Must Do’s  Before you Invest

Must Do’s Before you Invest

Evaluate your Current Financial Situation

Before you think of investing, get a clear picture of your present financial status. List out the entire reservoir you have such as salary, bank savings or investments like shares or unit trusts. Also make a list of financial obligations such as debts you owe, household expenses, credit card balances, taxes, insurance premiums and so on. Assessing your current financial health will help you get a better idea of where you are and where you want to be financially.

Assess your Risk Tolerance

According to experts, risk and reward always go hand in hand. That means, if there is no pain then there is no gain. Every investment is subjected to a certain degree of risk. Generally, higher the risk, higher is the potential return. If you have a long term financial goal, you are likely to get more potential return by carefully investing in asset classes of high risk like stocks and equity funds rather than restricting your investments to less risky assets. Risk tolerance can be assessed with the help of questionnaire tools available online. Knowing your risk appetite helps you choose the proper mix of asset classes. 

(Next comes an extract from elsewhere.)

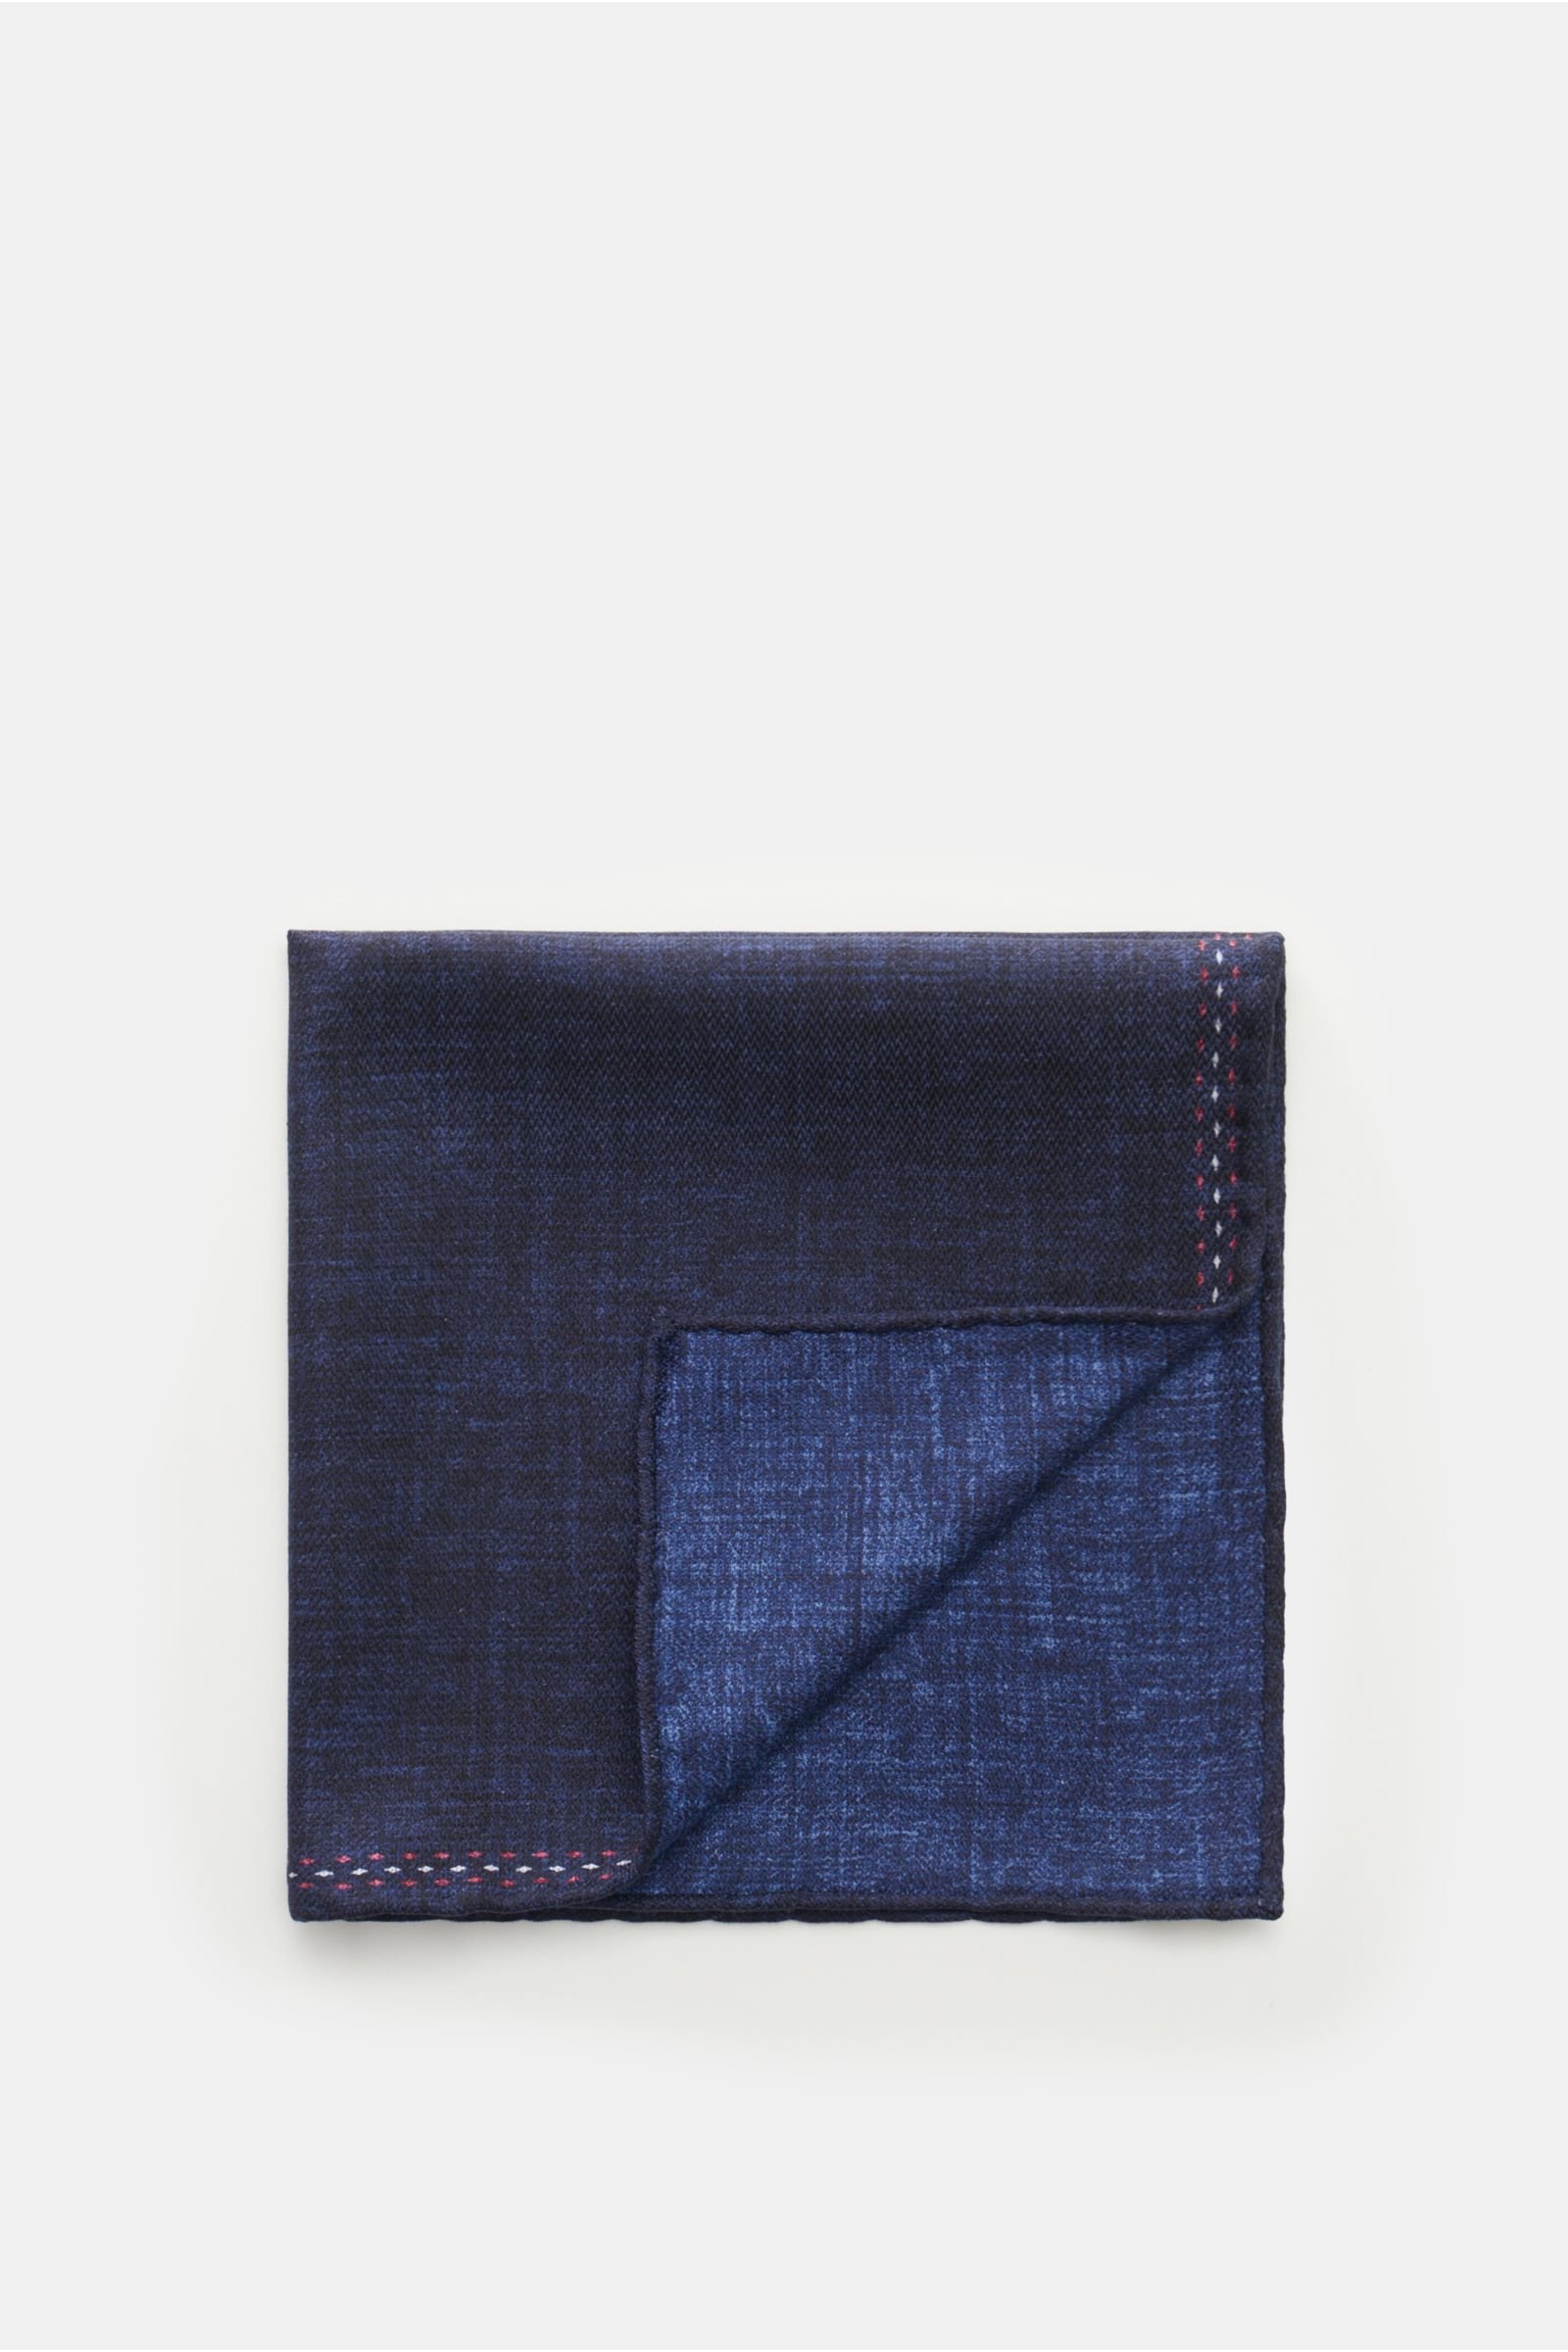 Silk pocket square navy/dark blue mottled
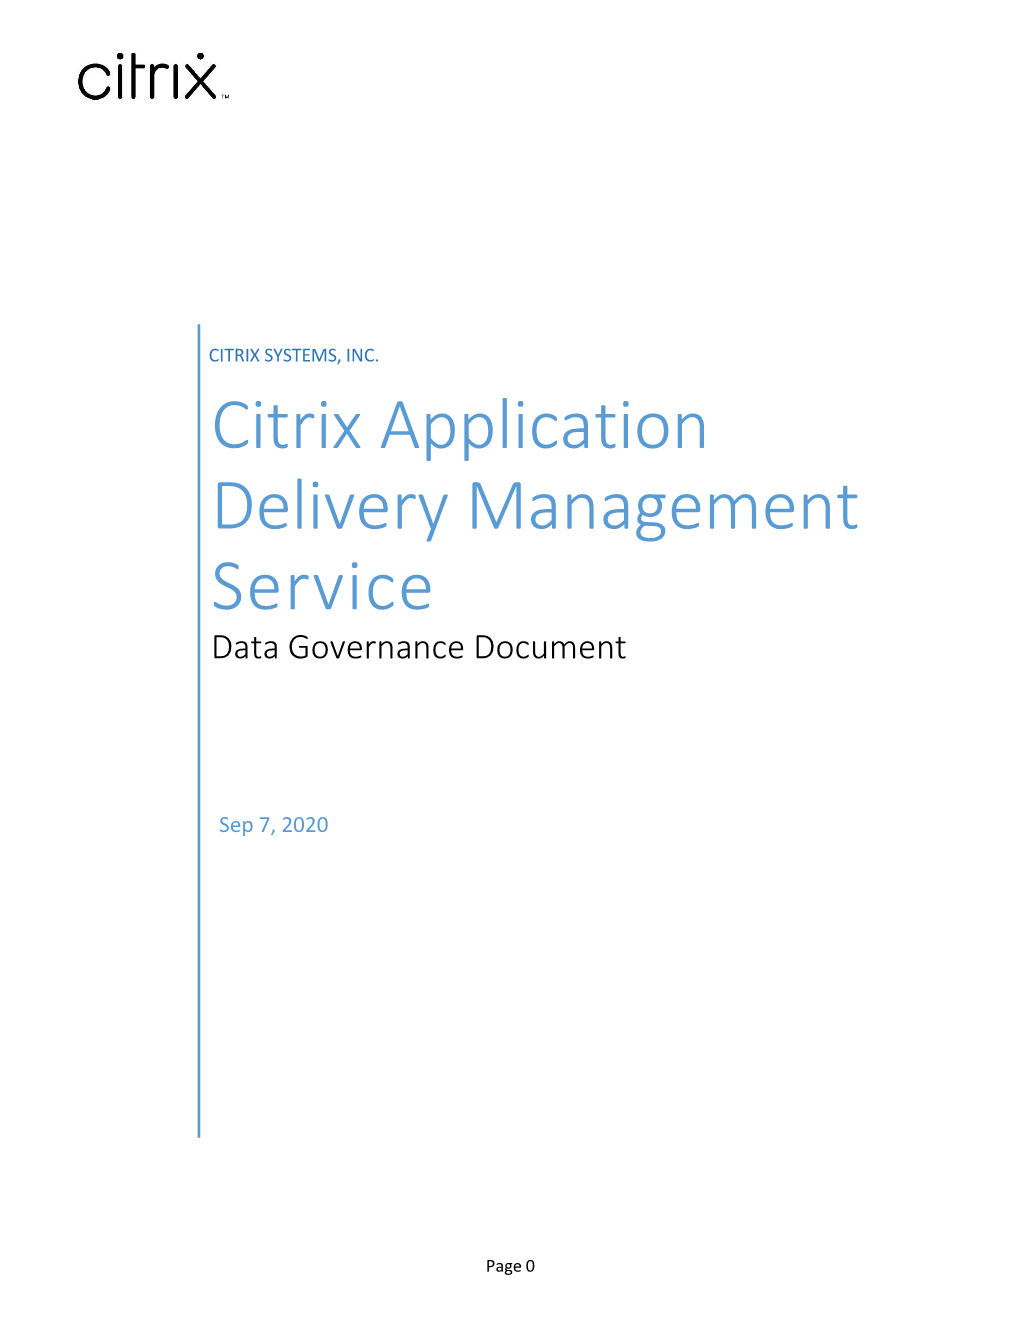 Citrix Application Delivery Management Service Data Governance Document

Determine your Financial Goals

Setting a financial goal is a crucial part of financial planning. Figure out your priorities and understand your investment objectives before you draw a plan. Think about your children’s education, marriage and your retirement life. Consider your future plans such as buying a property or a new house, starting up new business etc. Keeping your age and risk appetite in mind, fix up a time frame and value target for each goal. Prioritize your goals and start saving accordingly. 

Understand Investment Products

Once you are clear about your financial goals, next key step is to choose the right investment product. To make it work for you, you need to have clear understanding of the particular investment product. Being familiar with the intricacies of the products will help you achieve higher profitability along with accomplishing your objective. For instance, if you are looking for both life cover and potential return on investment, you can opt for ULIP (unit linked insurance plans). However, if you are looking for pure insurance plan, you can go ahead with a simple term insurance plan, which can cost you much lower. When you understand the product, you can make the right choice based on your need and risk appetite. 

Apply Diversification

Do not put all your eggs in one basket and if you have only one egg, find the safest basket within your reach to put it in. Spread your investments into various asset classes specially the ones that are not correlated. Diversifying the investment portfolio helps you strike a balance between risk and return. Have a proper mix of various investment instruments such as direct equity, mutual funds, bank deposits, bonds, Gold ETFs etc. based on your risk taking ability, investment time frame and the value requirement. Following your investment strategy is the key!

Consider Tax Implications

With the variety of tax sheltered and non-tax sheltered alternatives available today there are ample opportunities to create an investment plan to minimize taxes. Think about how this investment fits into your tax strategy.

 

The Bottom Line

Draw a financial roadmap, set your goals and choose the right mix of investments to achieve them. Consider your risk taking ability, return expectation and liquidity requirements before you get started!